От забористых слов Губнушки: «не гони волну, безропотных волн не бывает» у Лотты, обладавшей слезливостью латиногомериканки  образовалась глазурь в глазах и на их потайные уголки набежали из слёзных мешочков капельки раствора натрия хлора.
Можно непреднамеренно, в угоду куска хлеба, пасть духом или закрыть интересующей частью тела пасть амбразуры – кому как повезёт, независтливо мучалась Лотташа. Не ожидала она, что ей суждено провести вечер с пользой (женского рода), в то время как на душе скребли кошки, на улице третий час собиралась разразиться гроза, а из цилиндрических водосточных клюшек вода будет вырываться подобно заключённым на обещанную волю.

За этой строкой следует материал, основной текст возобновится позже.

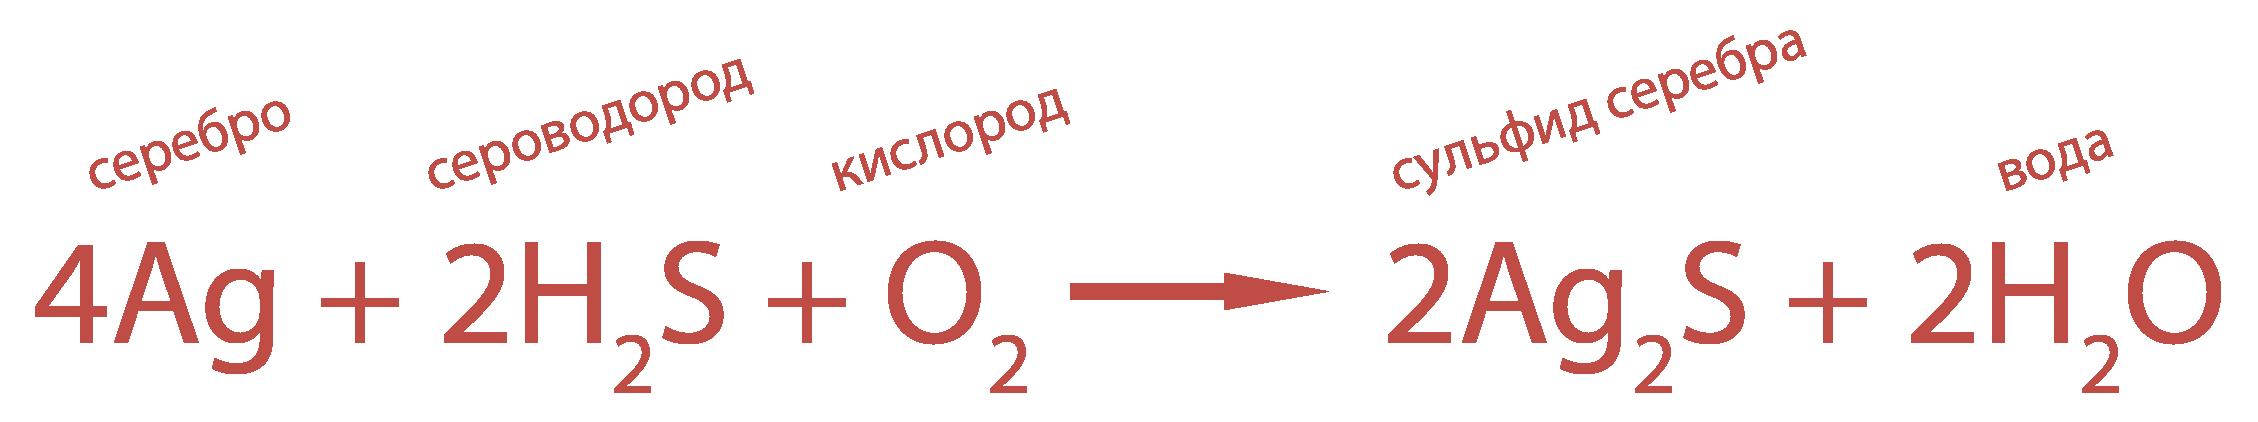 сероводород в присутствии кислорода воздуха

Не это ли обвал надежд? К слову сказать, на улице Надежд и Непредрекаемых встреч заструился змеевик дурмана, и дождь, накрапывая, стал напевать пунктирными серыми полосками, серенаду книжника «Ночь княжна» из фильма «I am single in the rein».
Небрезгливая склочная баба, Зиночка Придави, ещё в школе соображавшая, что после четвёртого неурочного часа грядёт Большая перемена, невыразительно изобразив голую фигуру непроходной пешки, выбежала из-за праздничного стола разбитной компании по неуравновешенной причине – нехорошо винить женщину, когда на столе есть водка.
Треща маленькой сорочкой, с возрастом превратившейся в чёрную, Зиночка зажала нос и выскочила из вонючего парадного. Она поспешно нахлобучила на глаза немыслимую шляпку, и прытко пробежала до угла под градом любопытных взглядов, сыпавшихся на неё из распростёртых окон. Один вид её мог инспирировать кривотолки и отпугнуть самых бесстрашных белых ворон в округе, так что агентство путешествий, предлагавшее микстуры, удивлённо подняло жалюзи. И только холостяк Фенимор Закупорев – мастер чинить препятствия, чтобы преодолевать со скидкой на их возраст, посочувствовал бегущей, сказав: «Чушка комедию ломает. Небось знает, малорослая лошадка, что сколачивать не ей придётся». Расстегнув молниеносную ширинку, он освободил вухухоля и занялся привычным делом, отдавая себе отчёт в том, что повернуть мочегонную реку вспять не удастся, а вот с устаревшим мировоззрением всех чернушных фильмов не пересмотришь».